Document Type



Doctor of Philosophy (PhD)


Civil Engineering

First Advisor's Name

Xia Jin

First Advisor's Committee Title

Committee Chair

Second Advisor's Name

Mohammed Hadi

Second Advisor's Committee Title

Committee Member

Third Advisor's Name

Atorod Azizinamini

Third Advisor's Committee Title

Committee Member

Fourth Advisor's Name

B M Golam Kibria

Fourth Advisor's Committee Title

Committee Member


Secondary Crash, Incidents Management, Traffic Safety, Risk Factors, Crash Modification Factors

Date of Defense



Secondary crashes (SCs) usually occur due to congestion or other prior incidents. SCs are increasingly spotted as a significant issue in traffic operations, leading to reduced capacity, extra traffic delays, increased fuel consumption, and additional emissions. SCs have substantial impacts on traffic management resource allocation. One of the challenges in the traffic safety area of the transportation industry is to determine an adequate method for identifying SCs. The specific objectives of this study are: identification of SCs using spatiotemporal criteria and exploring the contributing risk factors to the identified SCs.

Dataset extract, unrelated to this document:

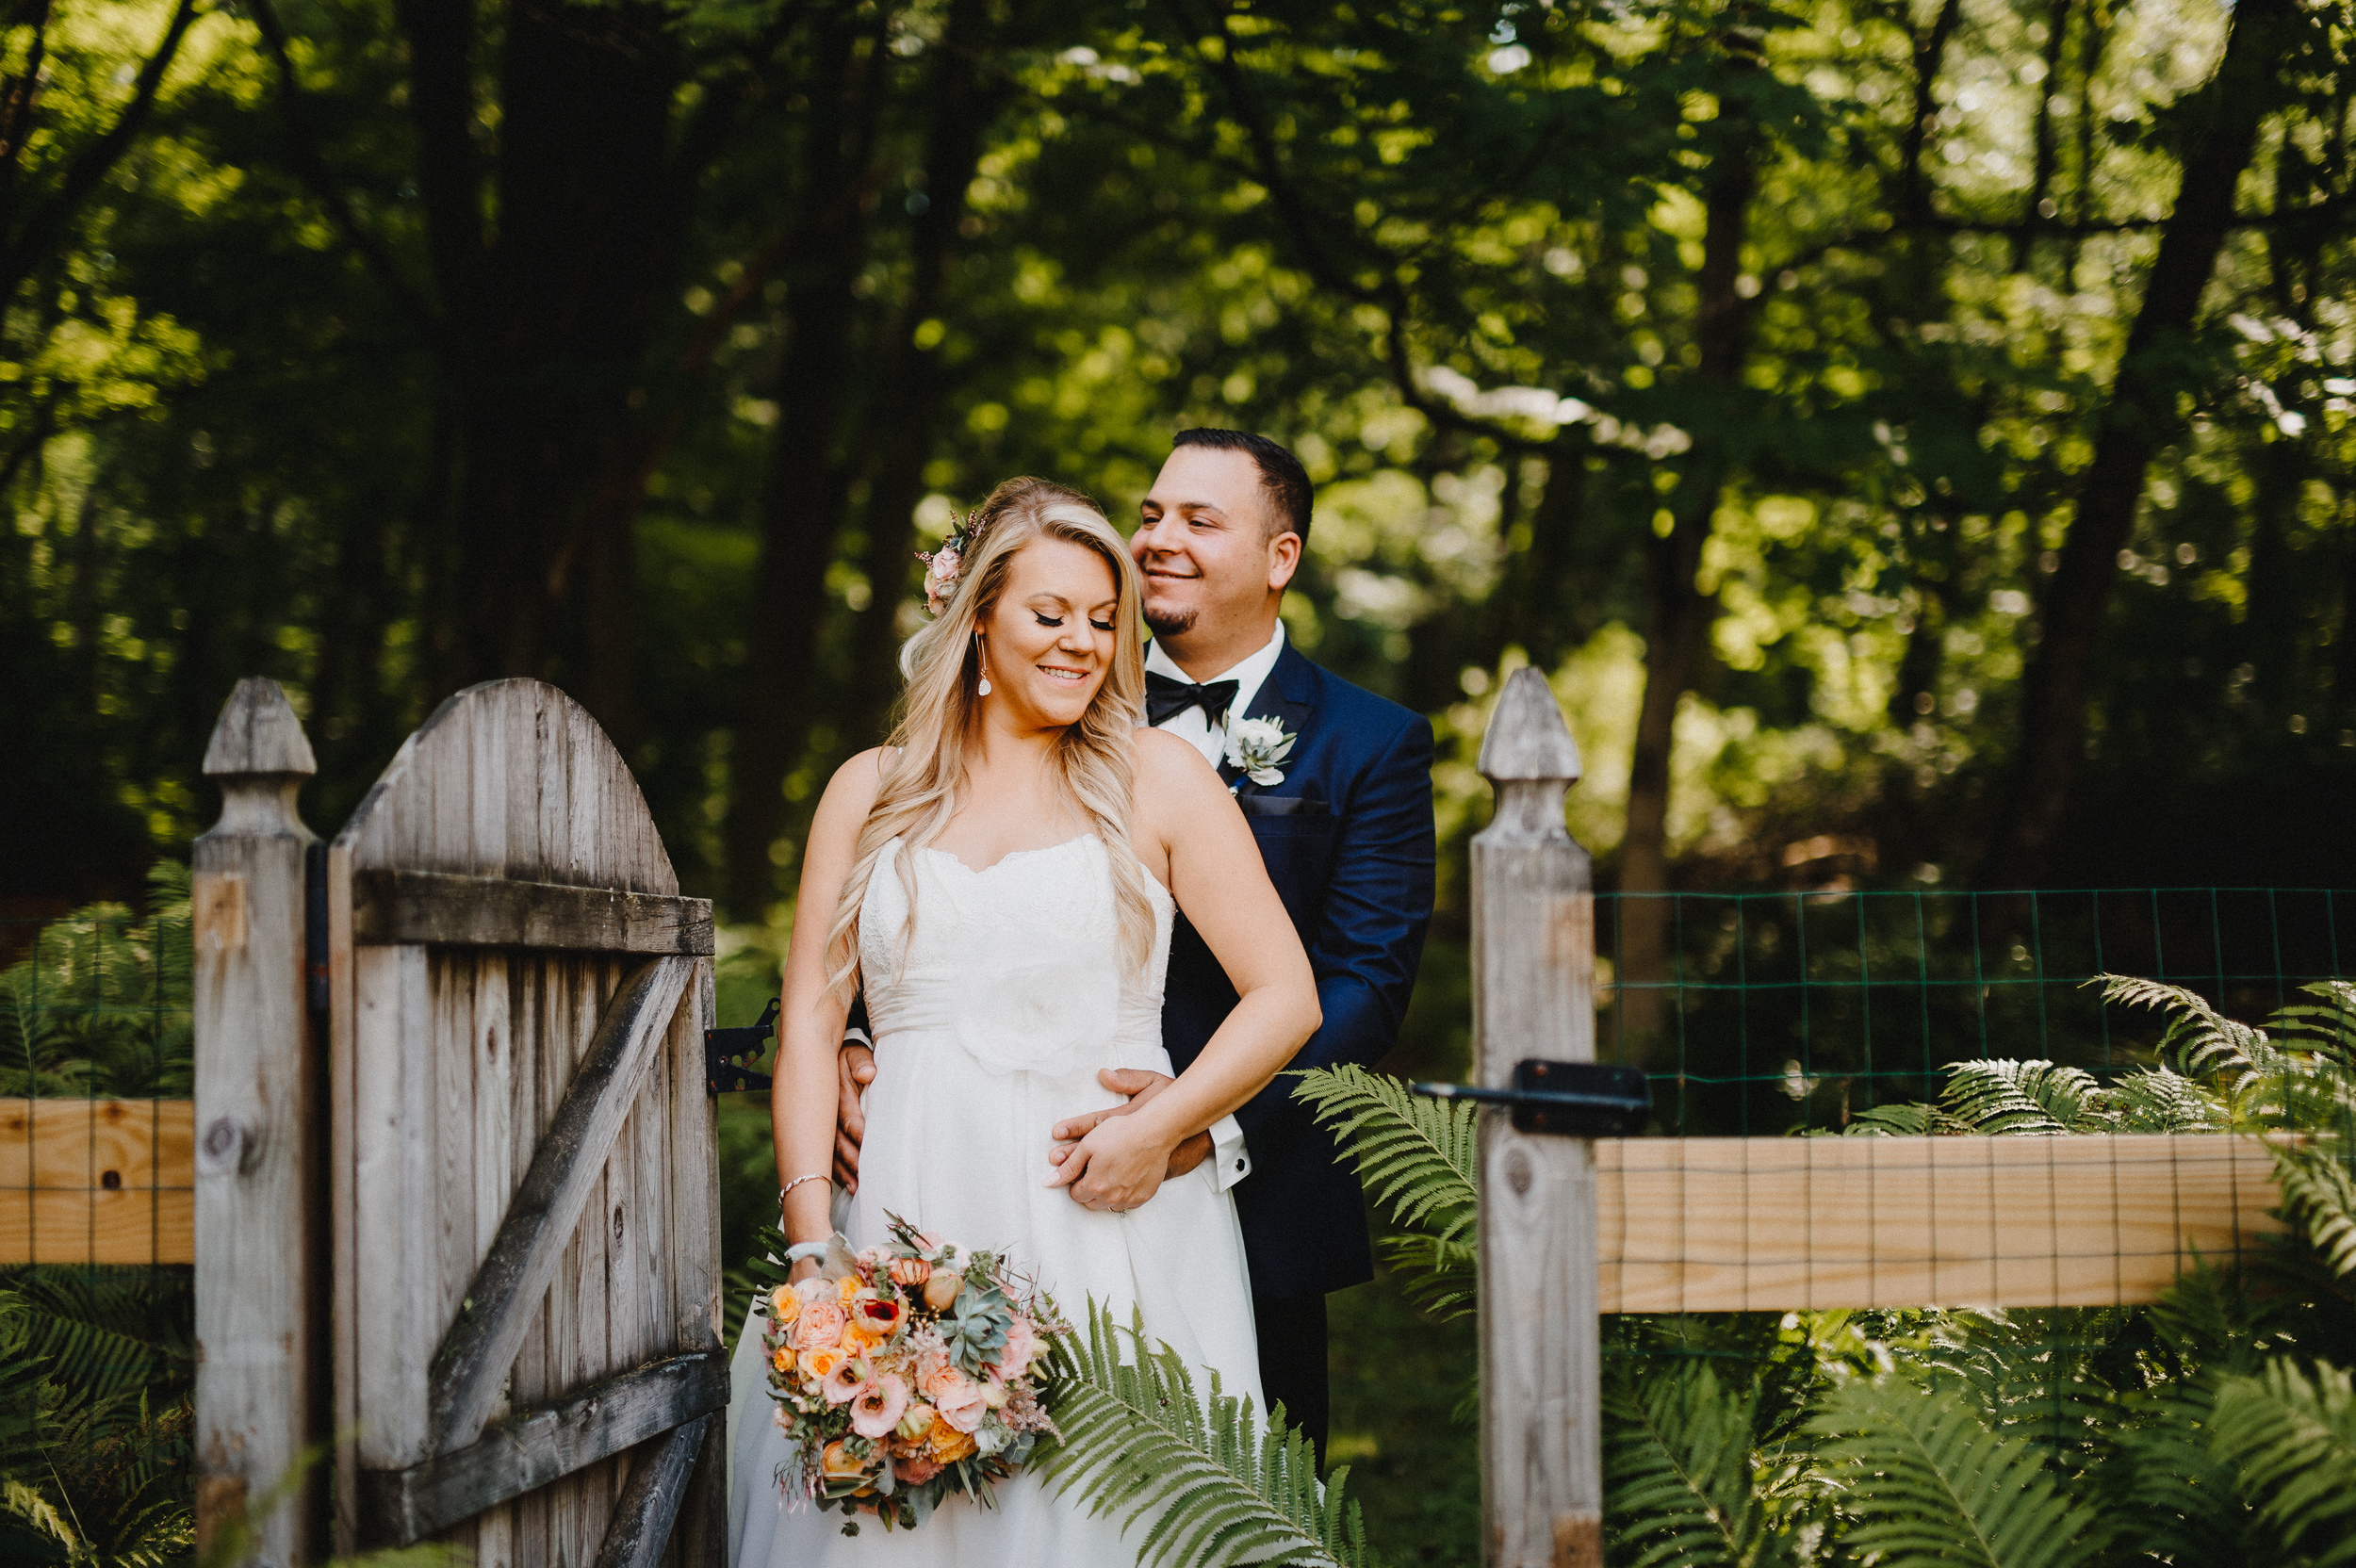 holly-hedge-estate-wedding-photographer-pat-robinson-photography-37.jpg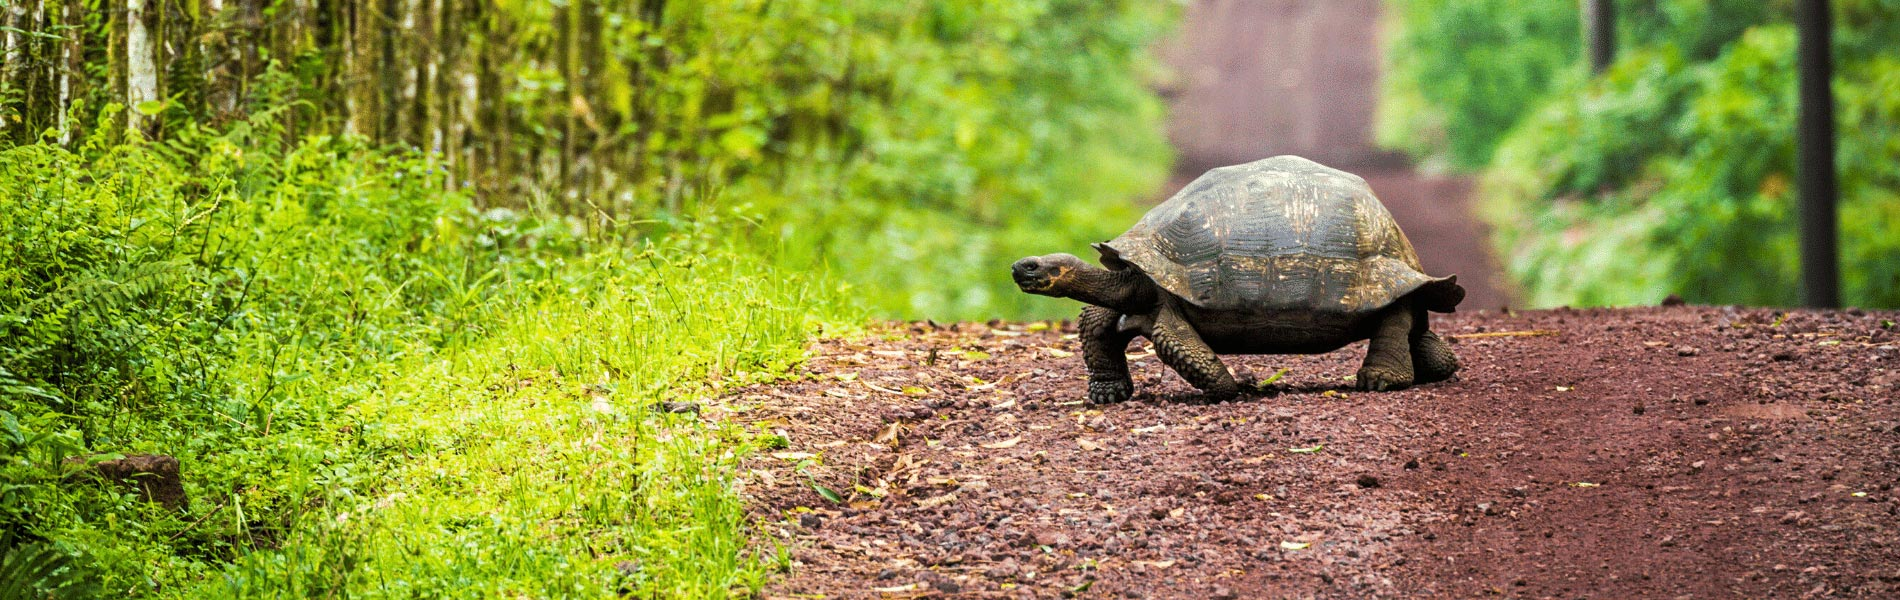 Galapagos Island Hopping West

Two different approaches were explored to identify SCs. The first approach is based on a “static” method that employs a predefined 2 miles-2 hours fixed spatiotemporal threshold. Four-year (2011 to 2014) crash and traffic data from the Crash Analysis Reporting (CAR) system database were used. The linear referencing tool of Geographic Information Systems (GIS) was applied to identify crashes that fell within the threshold. About 1.49% of all crashes were identified as SCs. A Structural Equation Model (SEM) was developed to investigate the contributing risk factors to the occurrence and severity level of SCs. Model results revealed that a series of driver attributes contributed to the occurrence of SCs, including the influence of alcohol or drug, inattentive driving, fatigue or speeding. Other variables that might lead to higher probabilities of SCs include vehicle attributes (brake defects, motorcycles), roadway conditions (roadway surface, vision obstruction) and environmental factors (raining condition Given that about 40% of SCs were rear-end crashes, this study also examined contributing factors to severity levels of rear-end SCs. Results revealed that the presence of horizontal curves, presence of guardrail, and posted speed limit showed a significant influence on the severity level of SCs. Crash modification factors were also developed by considering the roadway and traffic characteristics.

In contrast to the static method, the dynamic approach identifies a dynamic spatiotemporal impact area for each primary incident using the Speed Contour Plot method. This analysis was explored using the Regional Integrated Transportation Information System (RITIS) and the SunGuide™ database for the year of 2014-2017. This study further analyzed contributing risk factors to SCs on I-95 and found that SCs were more likely to occur if primary incident clearance times were longer. It also revealed that SCs were more severe at night and on weekends. It implies that timely emergency responses would have a significant effect on mitigating SCs. These findings point to necessary strategies to mitigate SCs, including improved traffic management policies and implementation of advanced intelligent transportation warning systems.

One of the challenges in addressing SCs lies in the lack of quality databases (such as speed data and incident information) to appropriately identify and investigate SCs. Therefore, future efforts may focus on institute a framework that combines all levels of databases from multiple sources, which can help timely identification and investigation of SCs. This would lead to the development and implementation of efficient and effective countermeasures to mitigate SC and enhance safety.